Mary Elizabeth Winstead also does a good job playing a pretty formulaic character. However, she manages to sell the effects of radiation poisoning well, so the circumstances are difficult whilst the character is cookie-cutter.
Method of assasination
Another thing, albeit a small thing, I appreciate, is the method of Kate’s poisoning. It isn’t a pill slipped into a drink killing her off or anything like that it is much more dangerous—radiation poisoning from Polonium-204. I appreciate the deadliness of it and that it’s something new. Which for this film is rarer than finding a fifty-pound note.
I think it works for the setting as well. As Japan has a bad history with atomic bombing and stuff like that, I guess I like the irony.

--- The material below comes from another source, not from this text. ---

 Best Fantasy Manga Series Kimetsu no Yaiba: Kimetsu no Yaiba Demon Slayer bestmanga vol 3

Another thing I appreciate is that the film got the symptoms of acute radiation poisoning correct, from losing teeth to excessive bleeding. It got it right. I like the fact that Kate is not infallible to this, and she gets weaker and weaker throughout the film, and whilst she is highly trained, she gets a bit less successful thanks to the radiation coursing throughout the body. I appreciate that the assassin in this story looks like utter trash throughout the movie its sets the standards right- although radiation poisoning is a bit drastic.
Plot problem!
However, as much as I love the method. It exposes a huge plot hole with the film. I double-checked CDC guidelines (so my google search history is going to look proper dodgy), and they state
‘People who are internally contaminated can expose people near them to radiation from the radioactive material inside their bodies.’

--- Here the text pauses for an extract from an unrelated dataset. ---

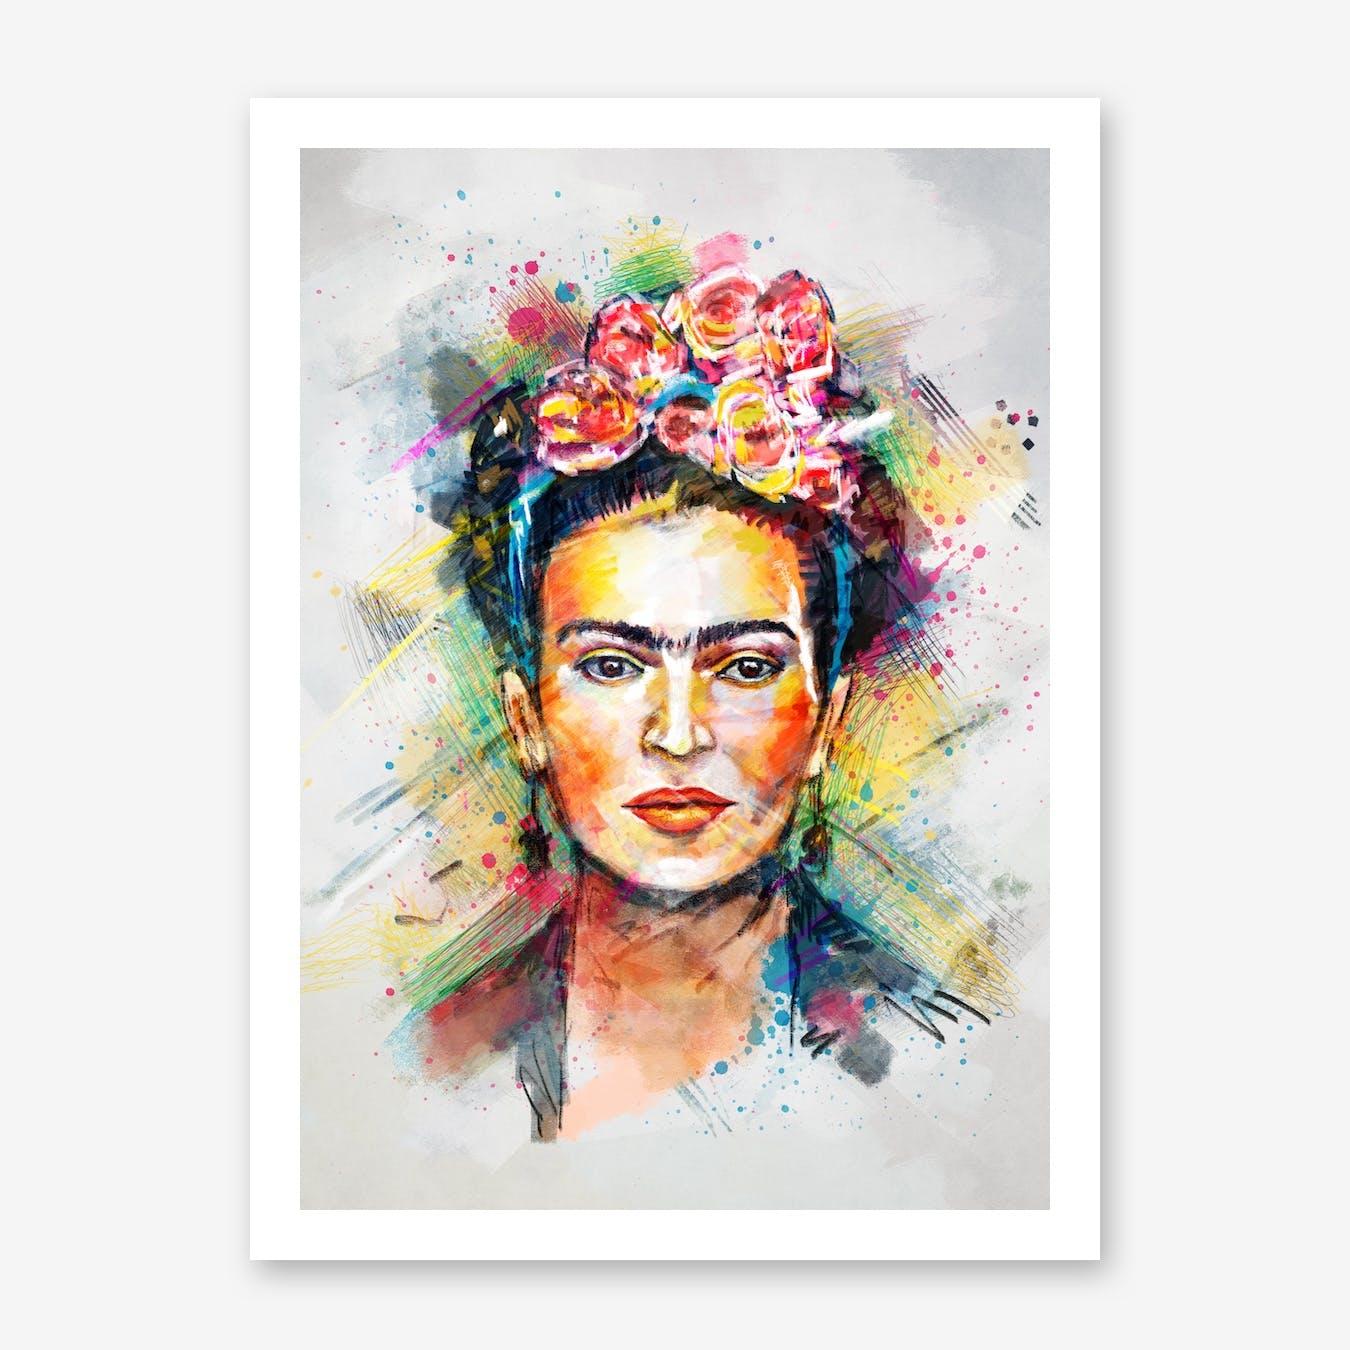 Frida Kahlo in Print

So Kate would’ve never been outside the hospital (don’t get me wrong, the guards do look for her and stuff, but it’s quickly forgotten about). And because she would expose thousands of people literally to radiation poisoning, there would be posters, cops, and everyone would be on high alert, so she shouldn’t have been able to move about the city.
Also, within two minutes of being around her, people would get ill. Considering she spends a lot of time with the target’s daughter, she should get sick, and she doesn’t. It’s something I remembered at the start of the movie, and now I’m reminded of it. I can’t shake it, especially as she’s bleeding and touches clothes, medicine packs, and the kid even helps patch her up. Maybe I’m being too harsh and overthinking the whole radiation thing, but it’s a plot problem to my knowledge that bugs me.
Style
Now I will be fair the director did a good job injecting some much-needed style into this movie. With neon lights used throughout and fluid fighting with katanas and dynamic camera action with tracking shots and a kill filmed from above. There is minimal blood splattering, but one is memorable when they’re in the sushi restaurant, and blood spreads across a door.
The camera work is punch and fluid during the fight scenes and is like a slower golden circle. It reminds me of Atomic blonde. It injects some life and action in the film and, with the acting, stops it from being an entire cliched, slightly plot holed (if I got my fact right) mess!
Overall I’m giving the film two and a half stars. It’s predictable, and there’s a problem with the plot I can’t shake. However, the acting, style and character moments in the film stop it from being unwatchable. Still better than she’s all that, I guess!